- SOURCE MATERIAL -

Segment Open

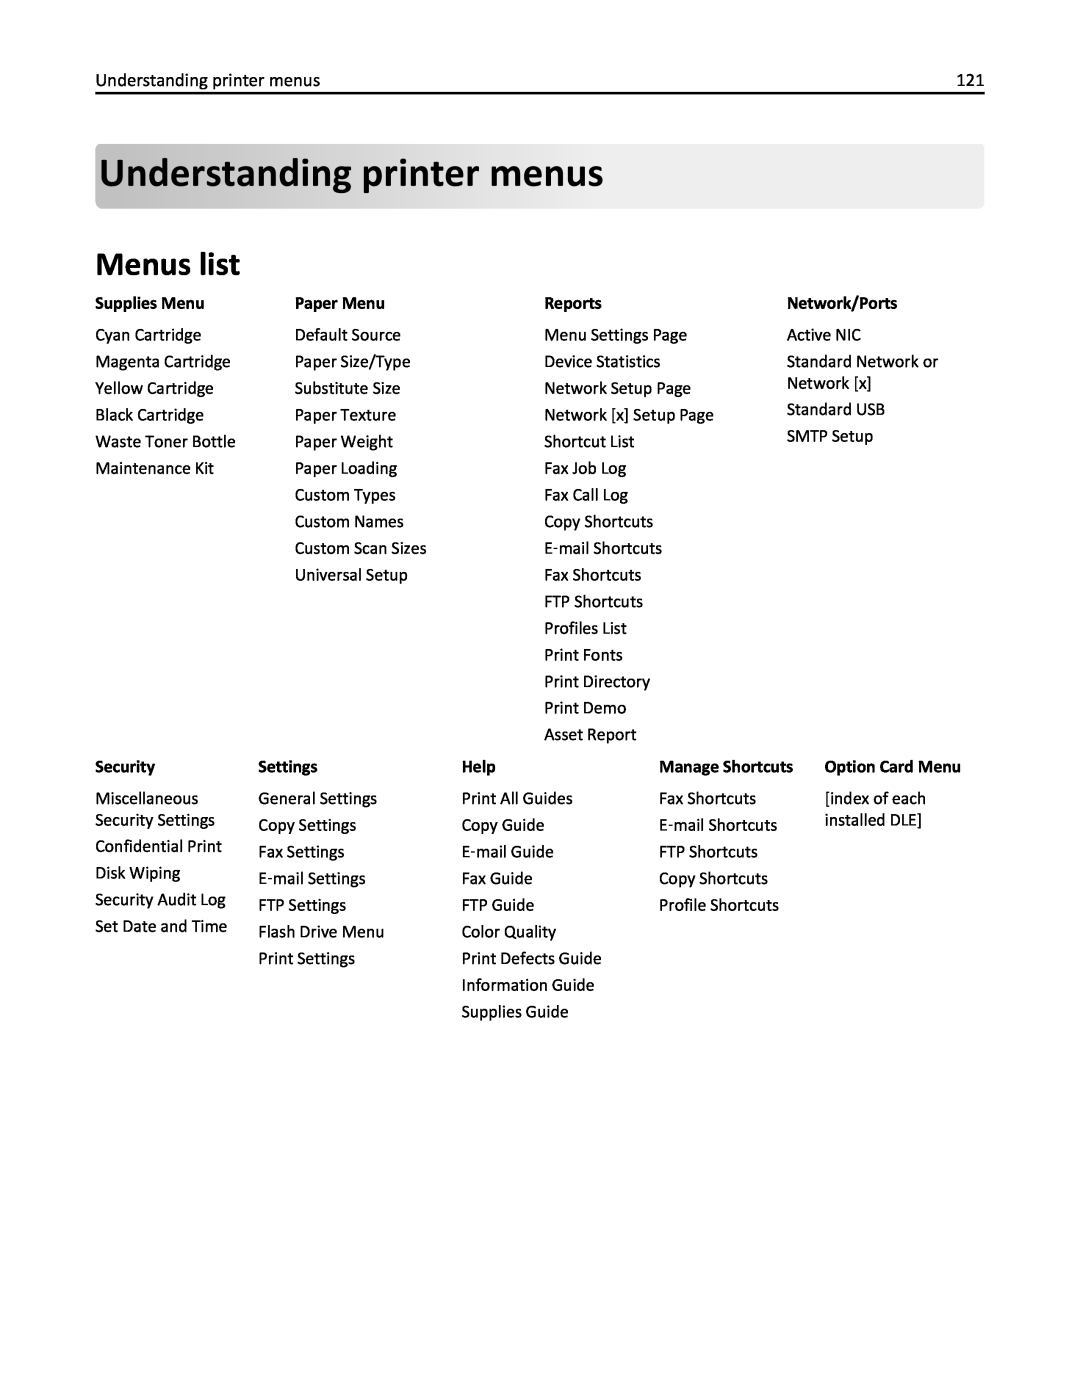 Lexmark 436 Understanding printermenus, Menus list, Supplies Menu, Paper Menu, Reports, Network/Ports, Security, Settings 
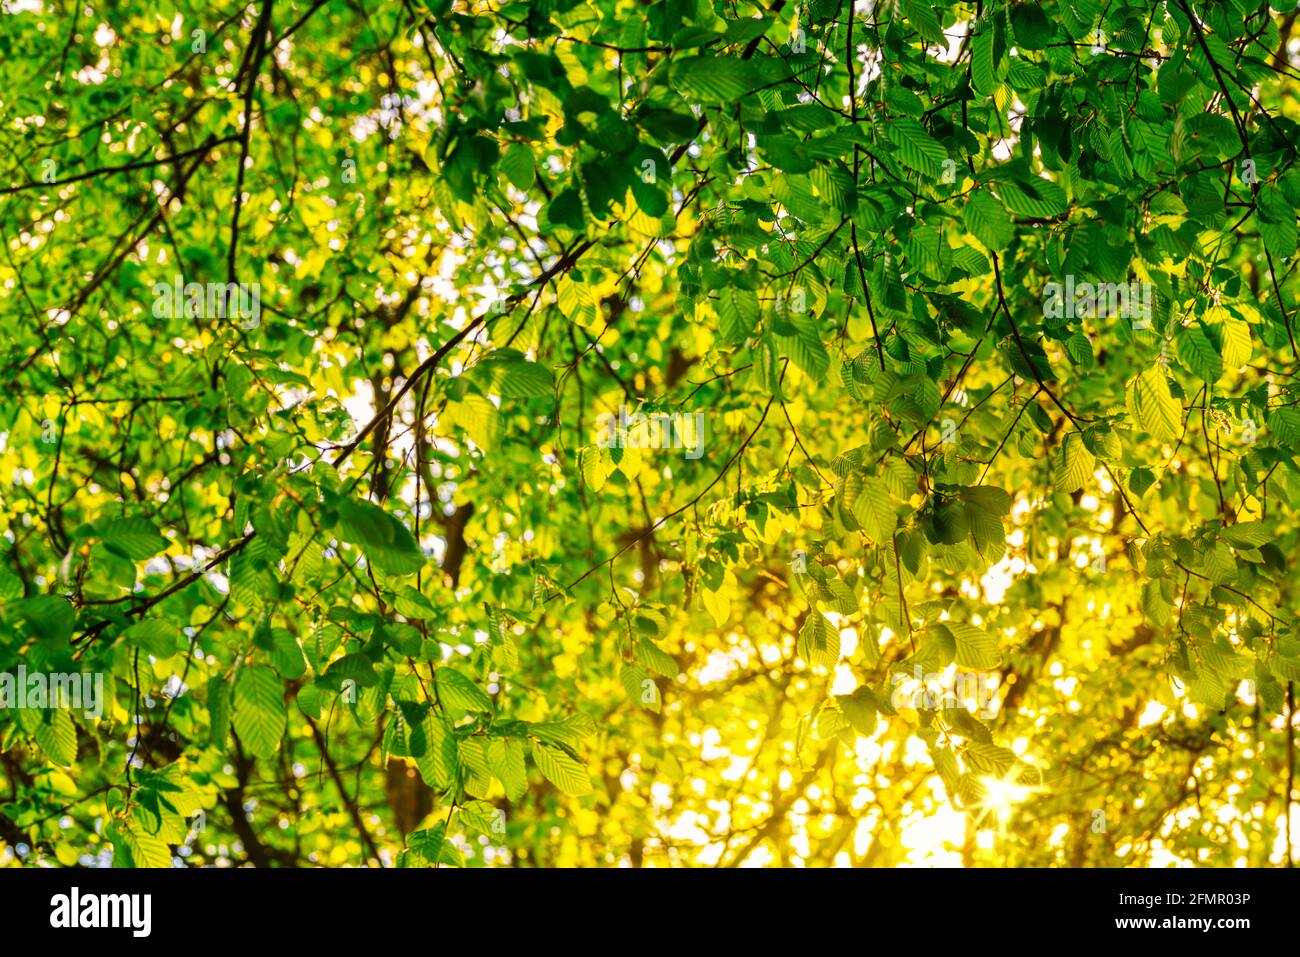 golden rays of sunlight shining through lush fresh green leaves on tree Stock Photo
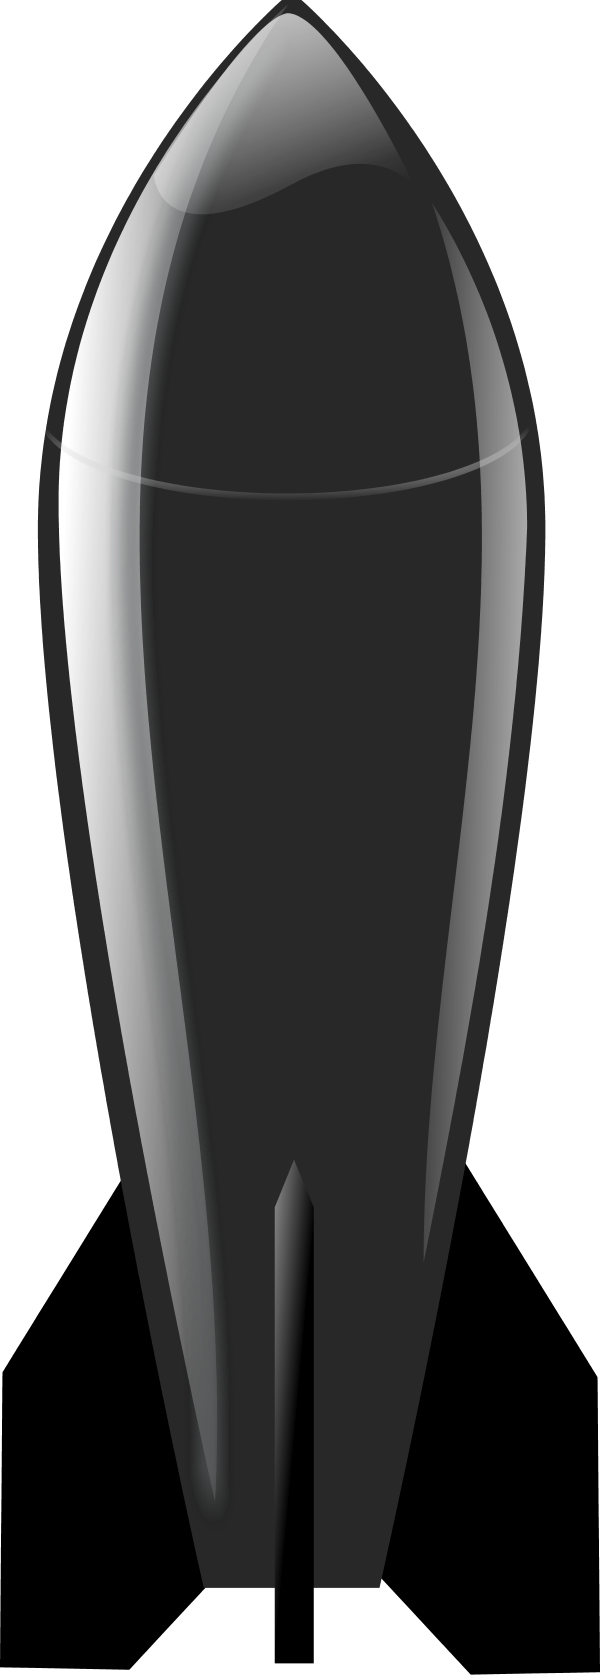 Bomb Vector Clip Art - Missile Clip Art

Segment Closed
Segment Open

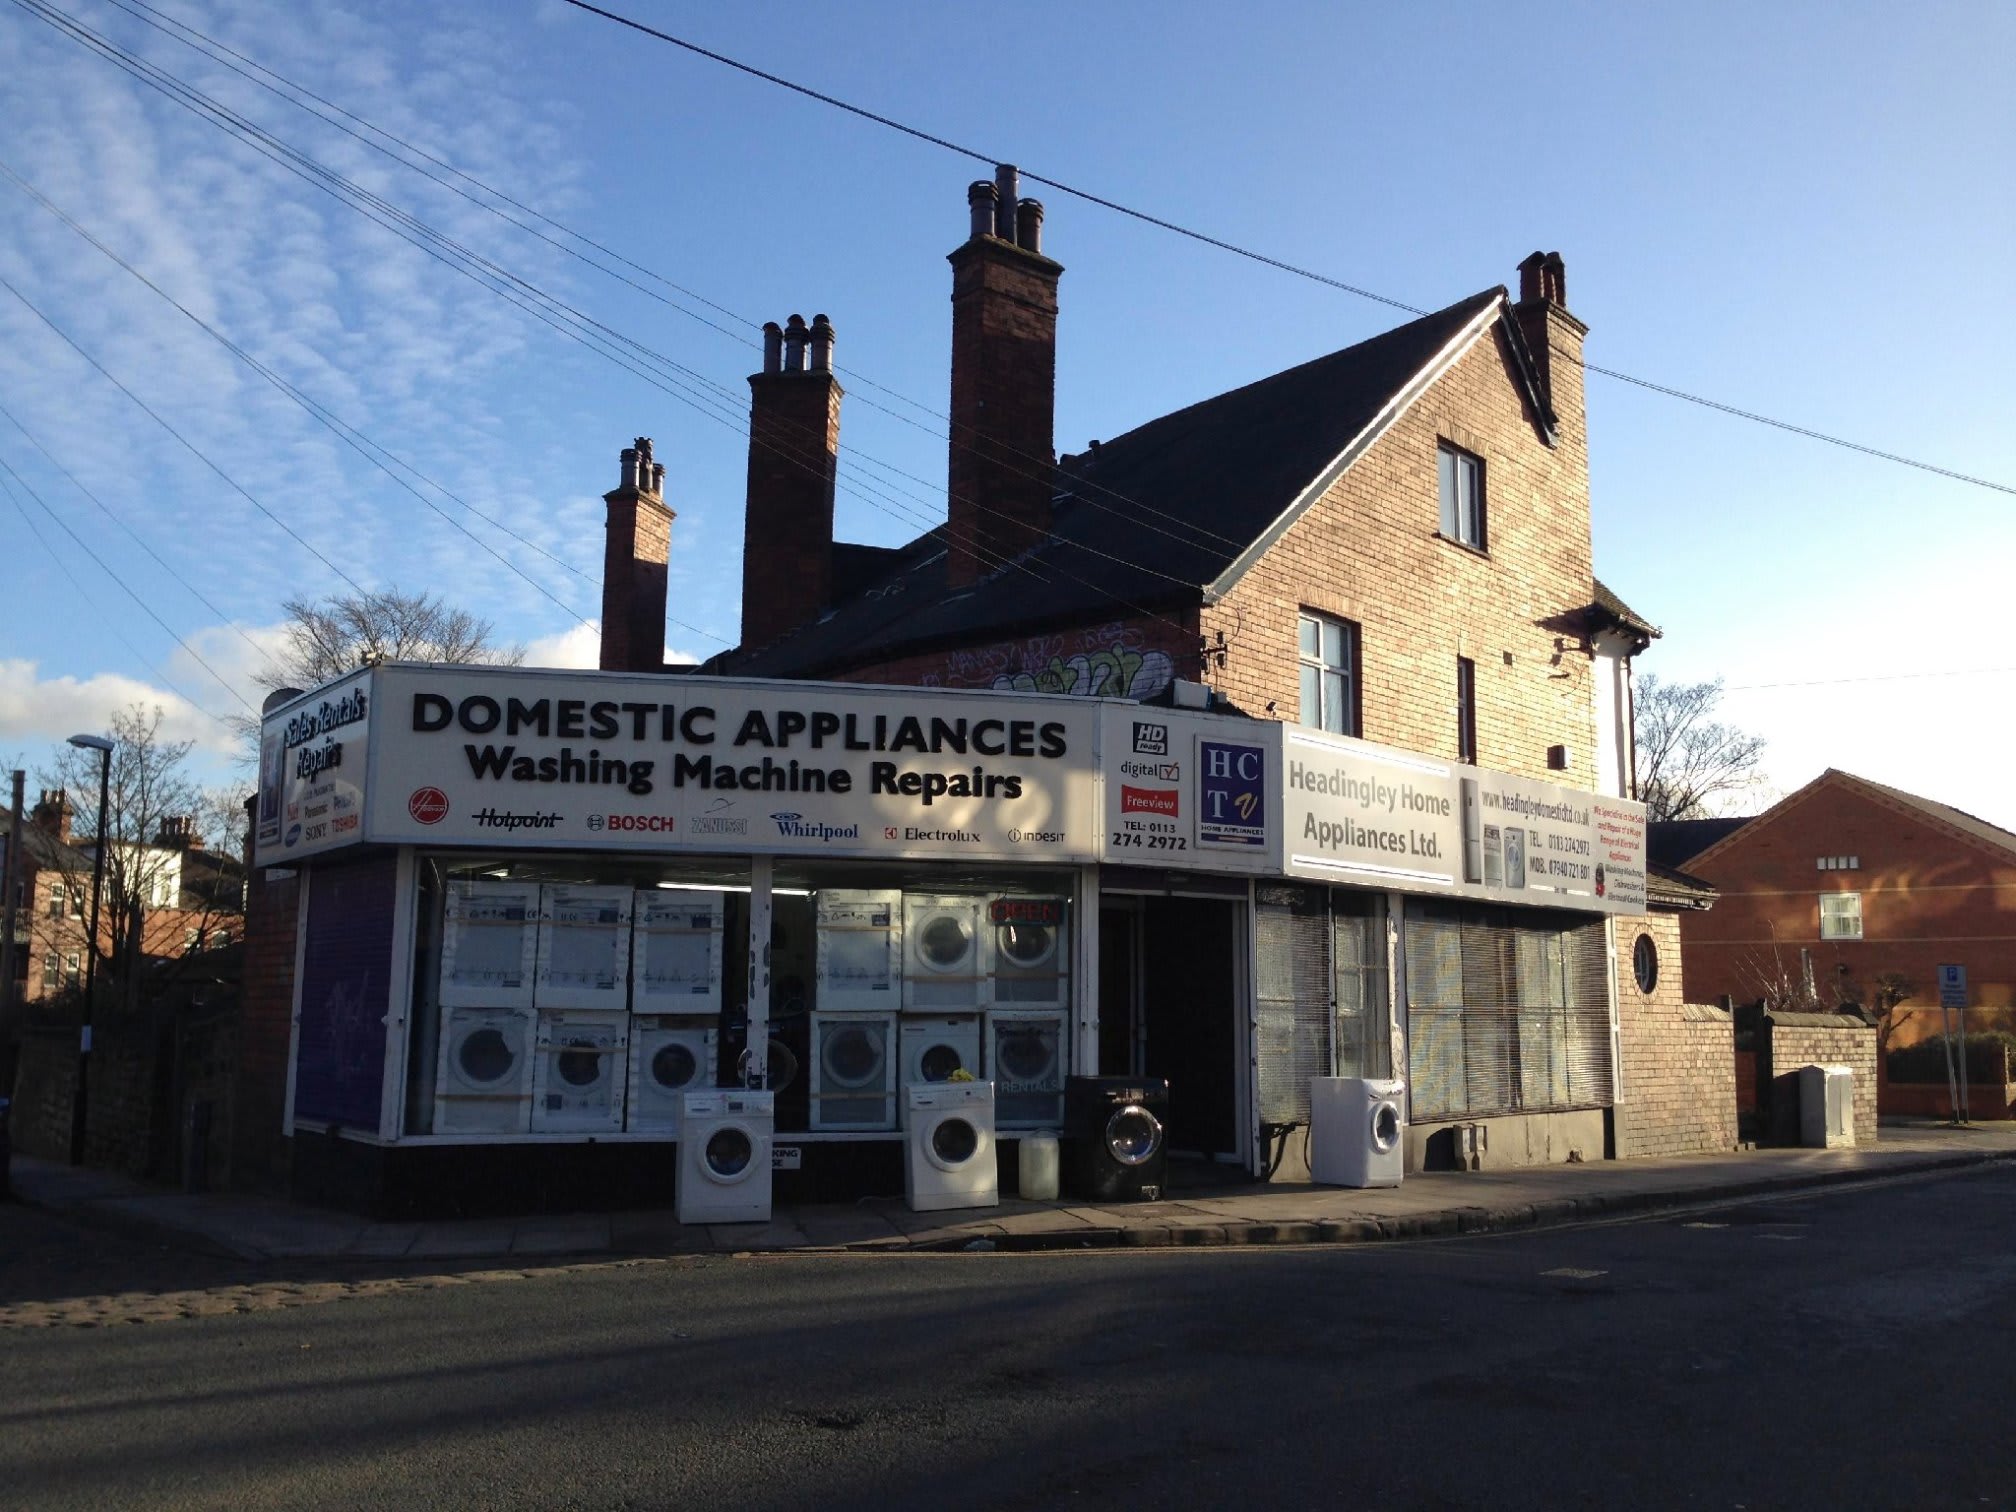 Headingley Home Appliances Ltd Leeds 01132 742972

Segment Closed

- PROBLEM TO SOLVE -
Beginning at the line that has "golden rays of" and ending at the line that has "Bomb Vector Clip Art - Missile Clip Art", restate the listing above word for word, pictures left out.

- SOLUTION FOR THIS PROBLEM -
 golden rays of sunlight shining through lush fresh green leaves on tree Stock Photo
 Bomb Vector Clip Art - Missile Clip Art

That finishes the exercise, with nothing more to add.